_Problem requirements_
Stop after the line with "picture of blue and white candles in a bag". Up to that point, output every line of the listing below exactly from the first one onward, skipping pictures.

_Extracted information_
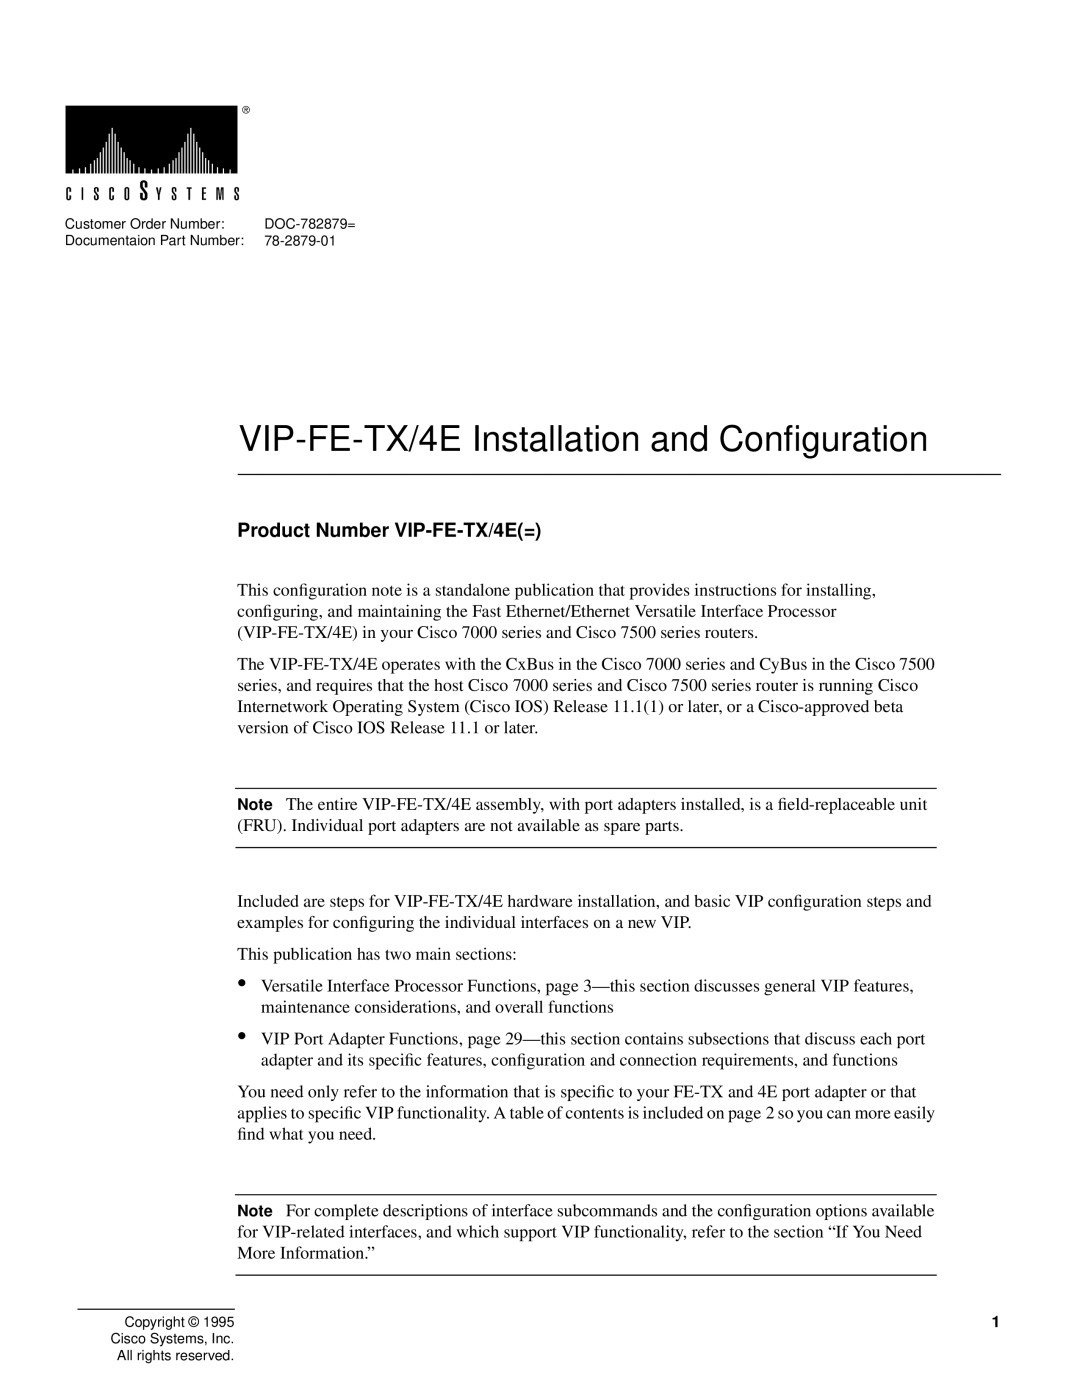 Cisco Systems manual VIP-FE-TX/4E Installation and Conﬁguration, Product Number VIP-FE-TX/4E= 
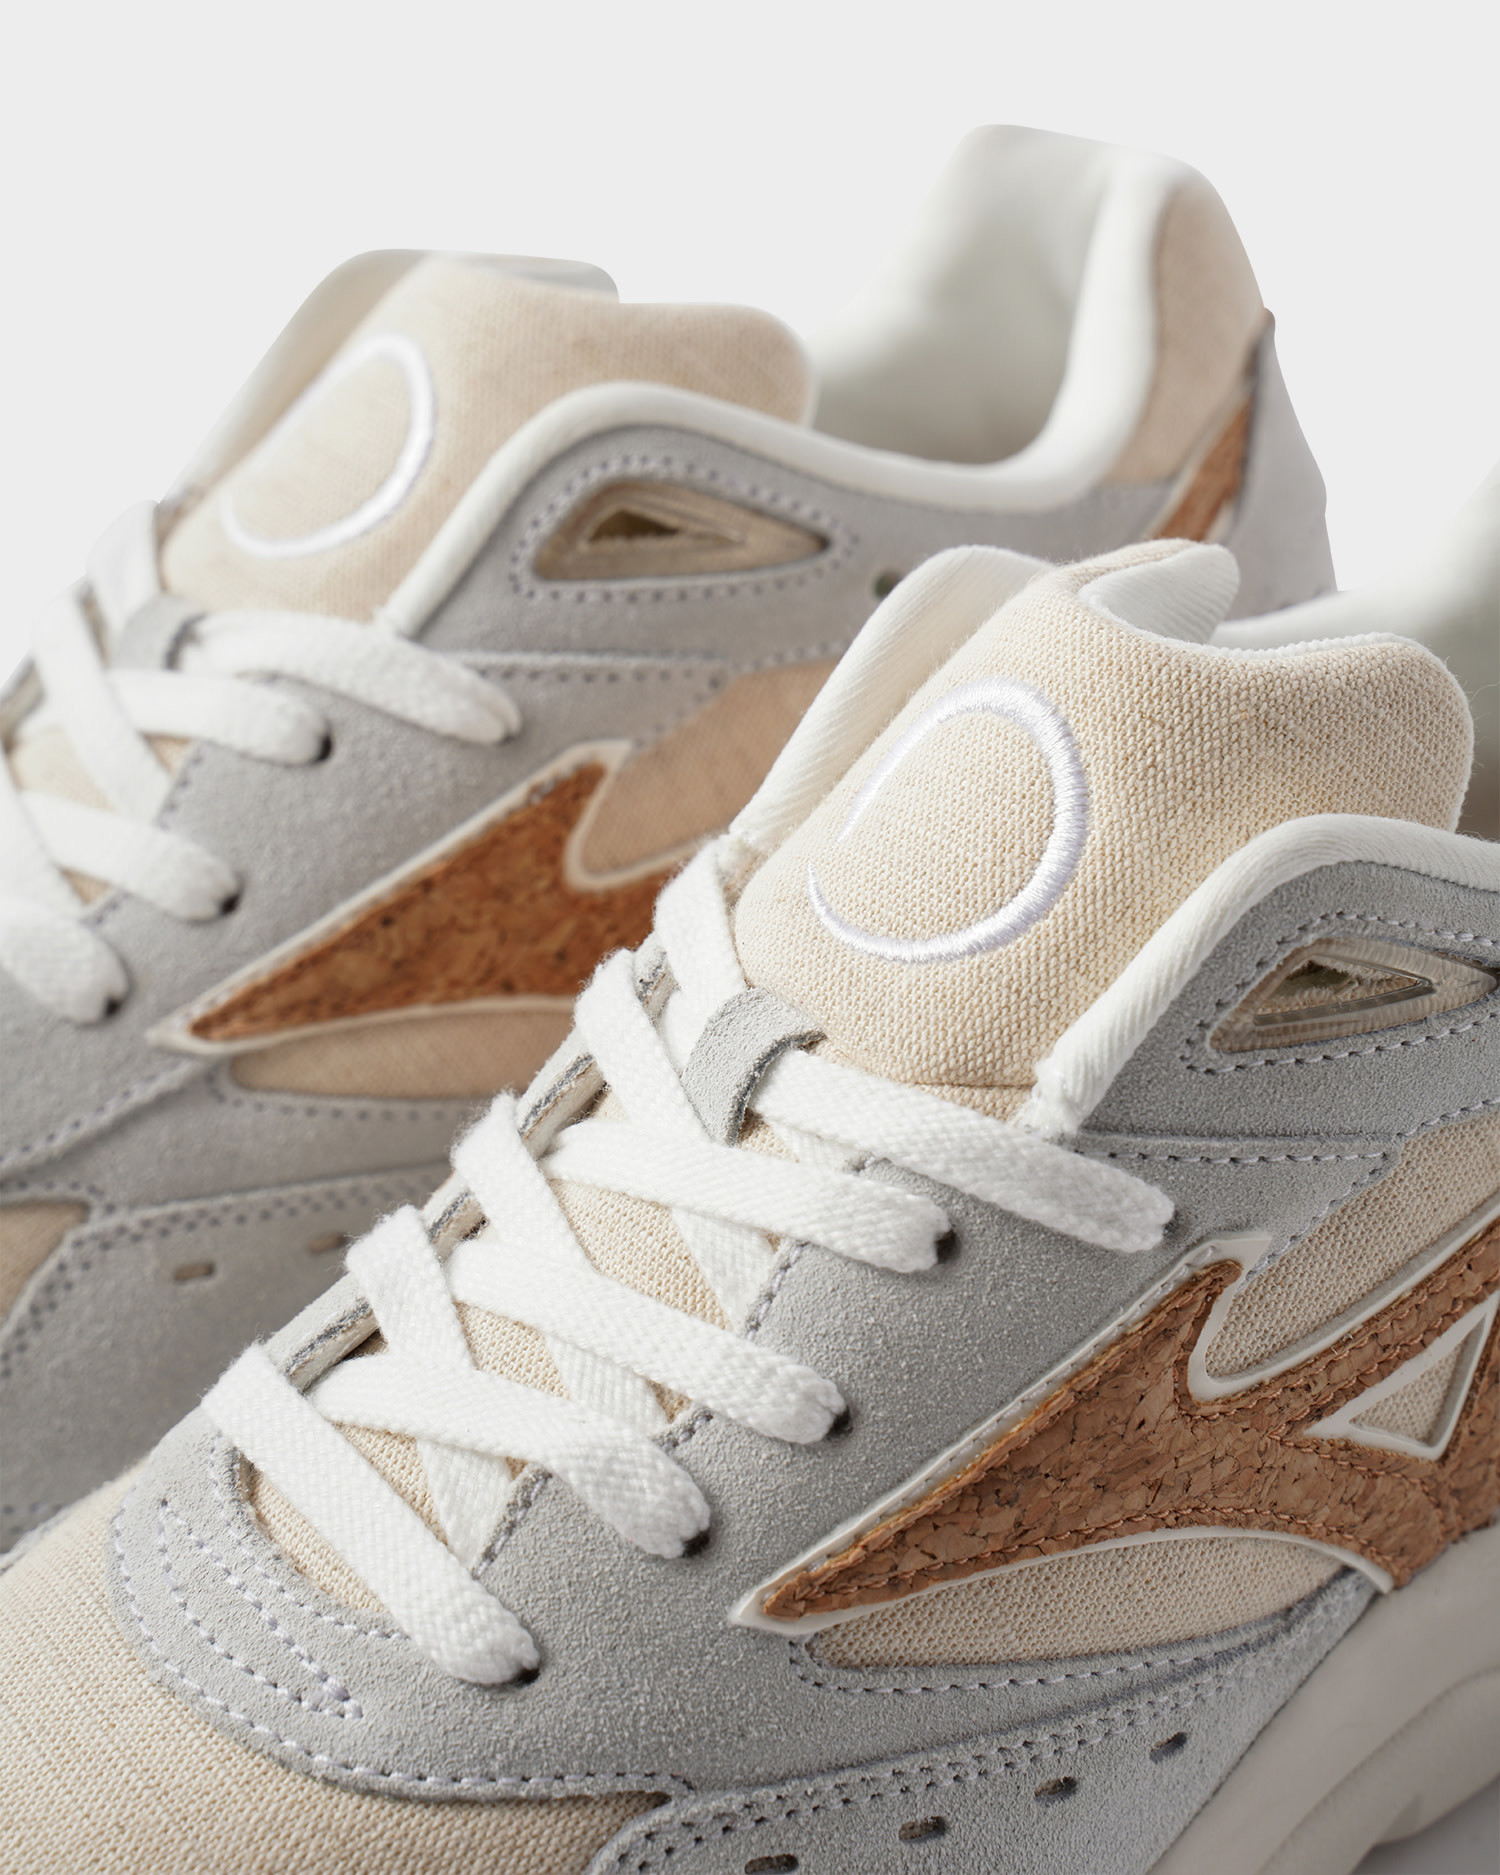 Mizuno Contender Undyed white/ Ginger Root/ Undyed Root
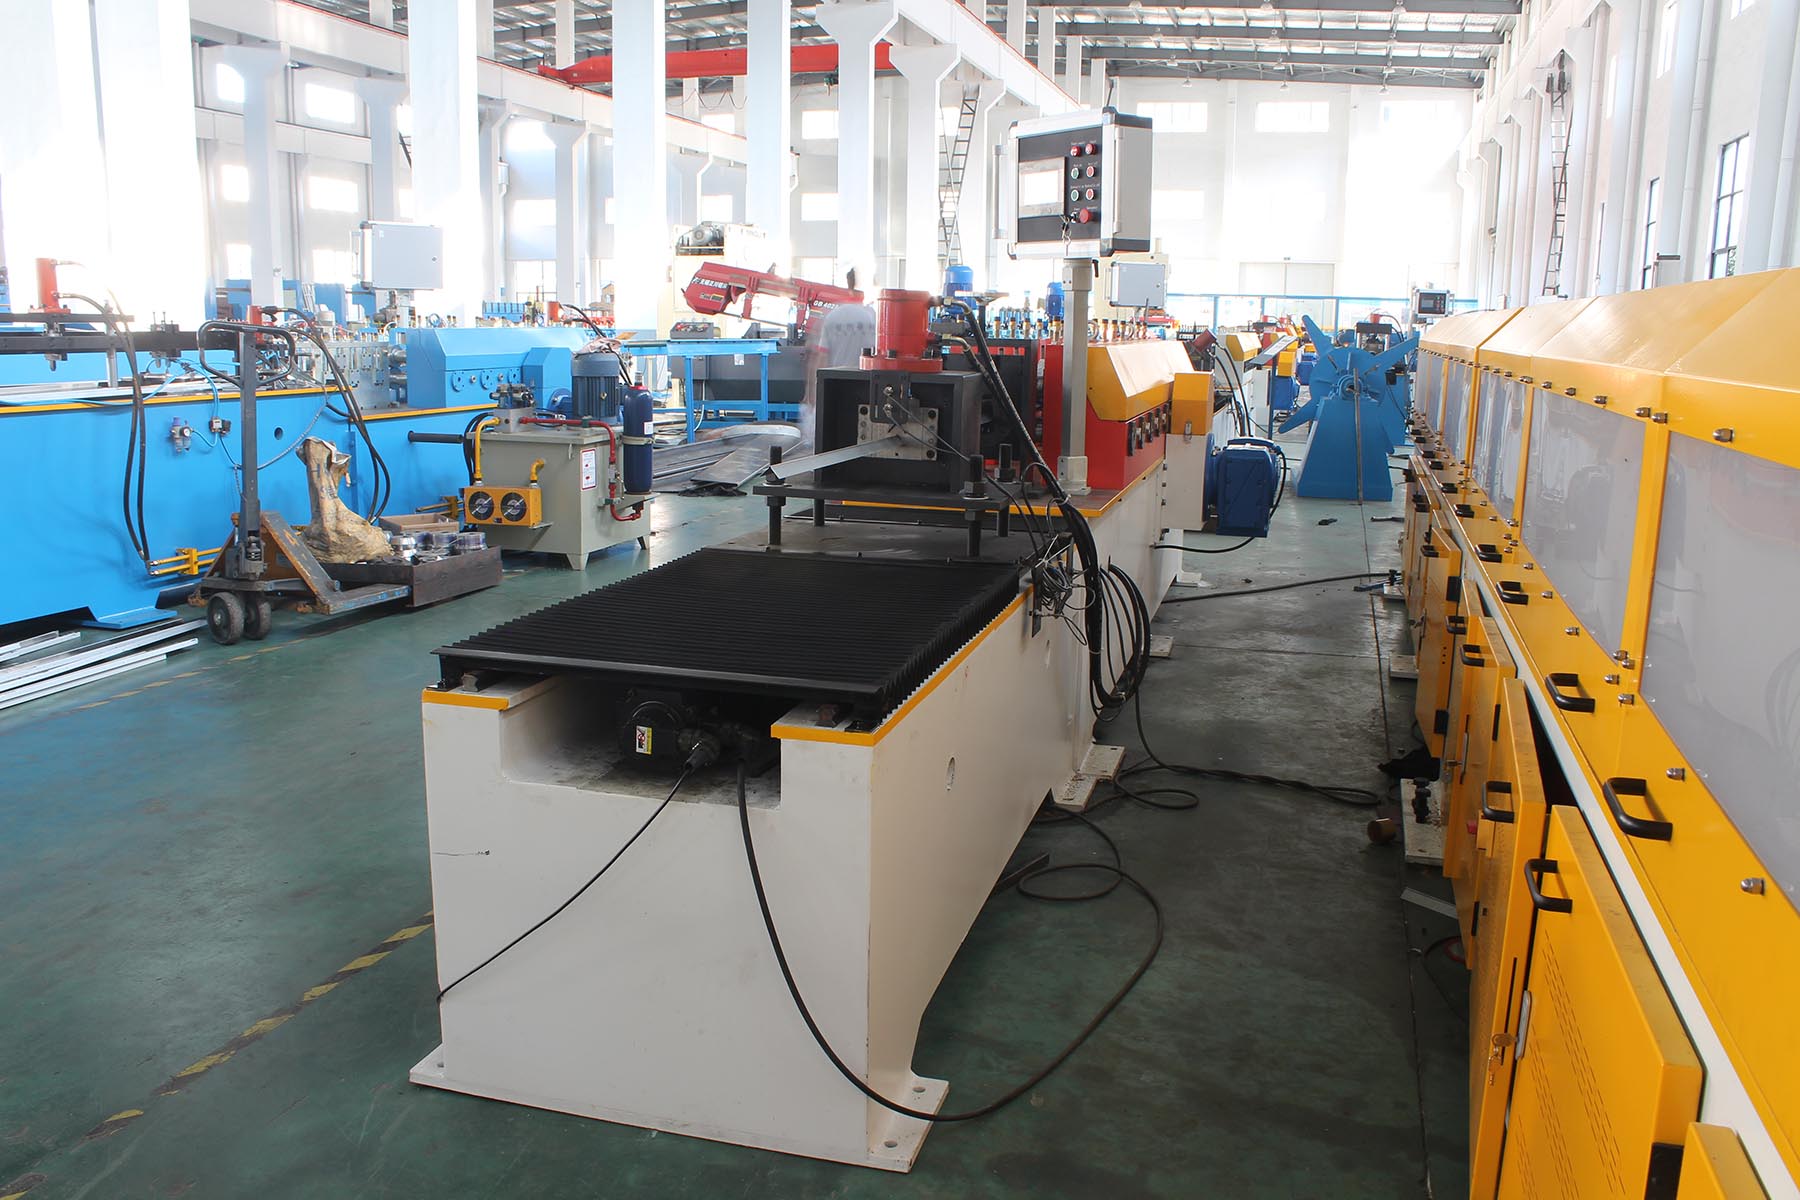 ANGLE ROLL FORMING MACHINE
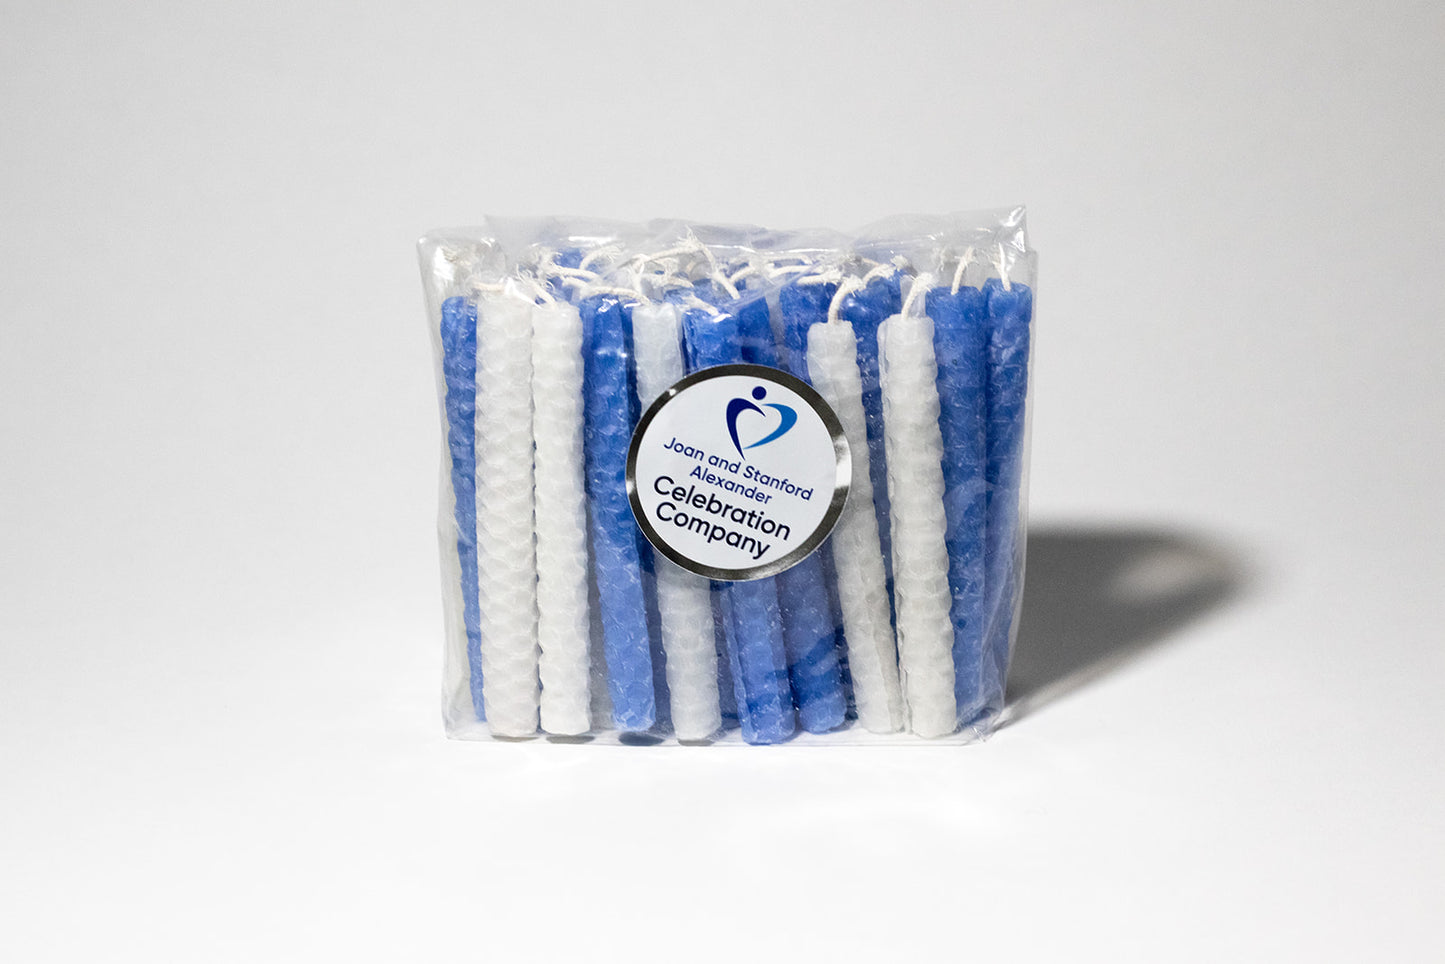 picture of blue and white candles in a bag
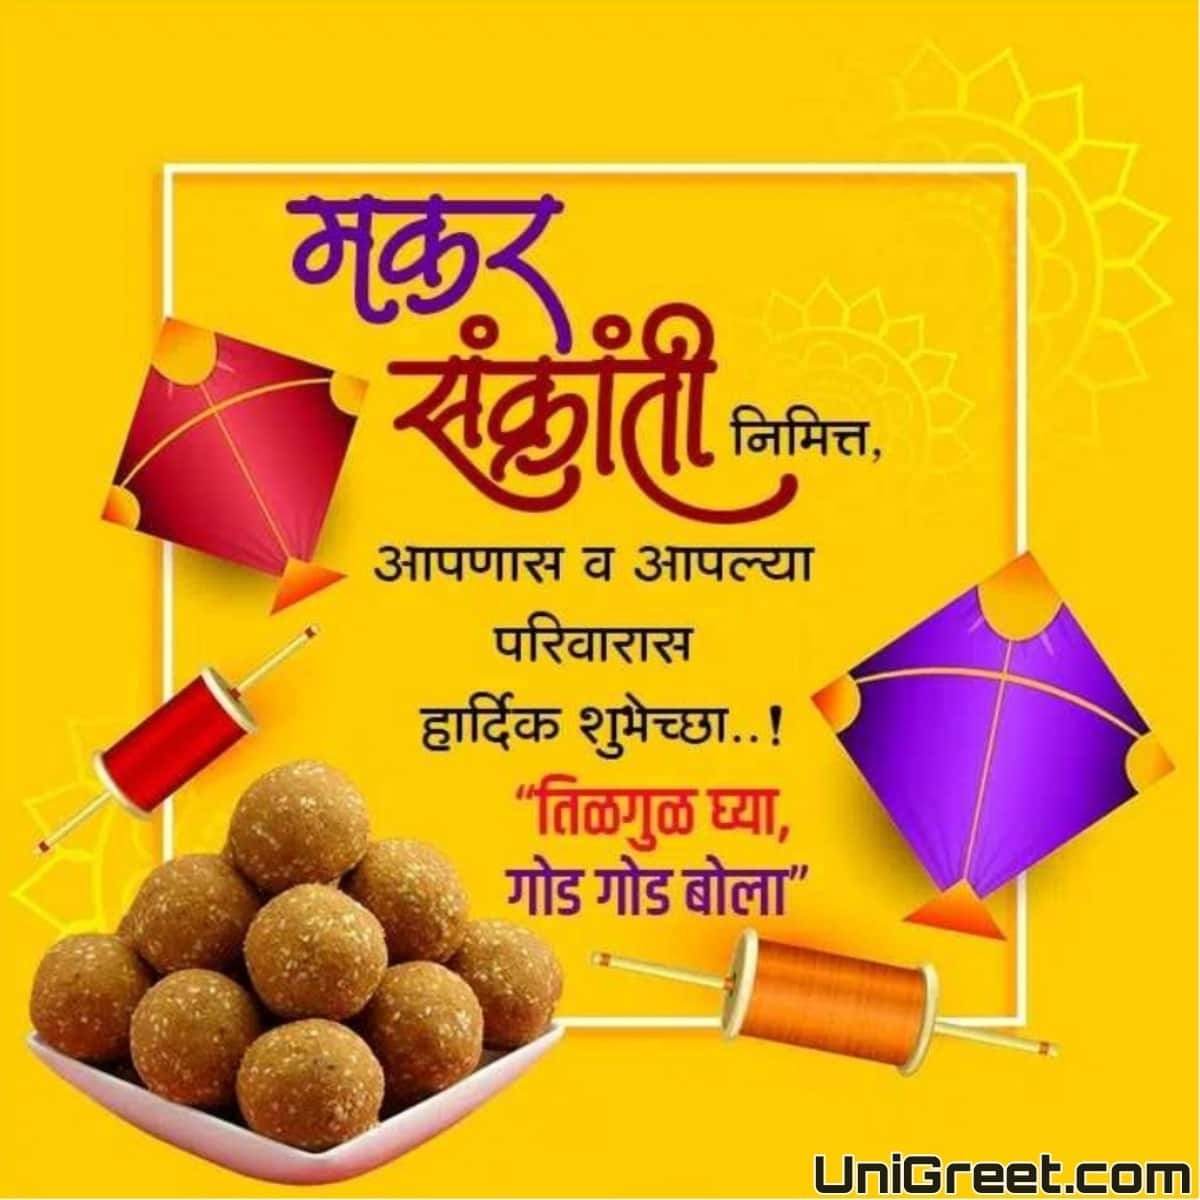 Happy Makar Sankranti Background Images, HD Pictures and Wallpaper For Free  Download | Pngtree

_Response_
 Cisco Systems manual VIP-FE-TX/4E Installation and Conﬁguration, Product Number VIP-FE-TX/4E= 
 Mizuno Contender Undyed white/ Ginger Root/ Undyed Root
 ANGLE ROLL FORMING MACHINE
 picture of blue and white candles in a bag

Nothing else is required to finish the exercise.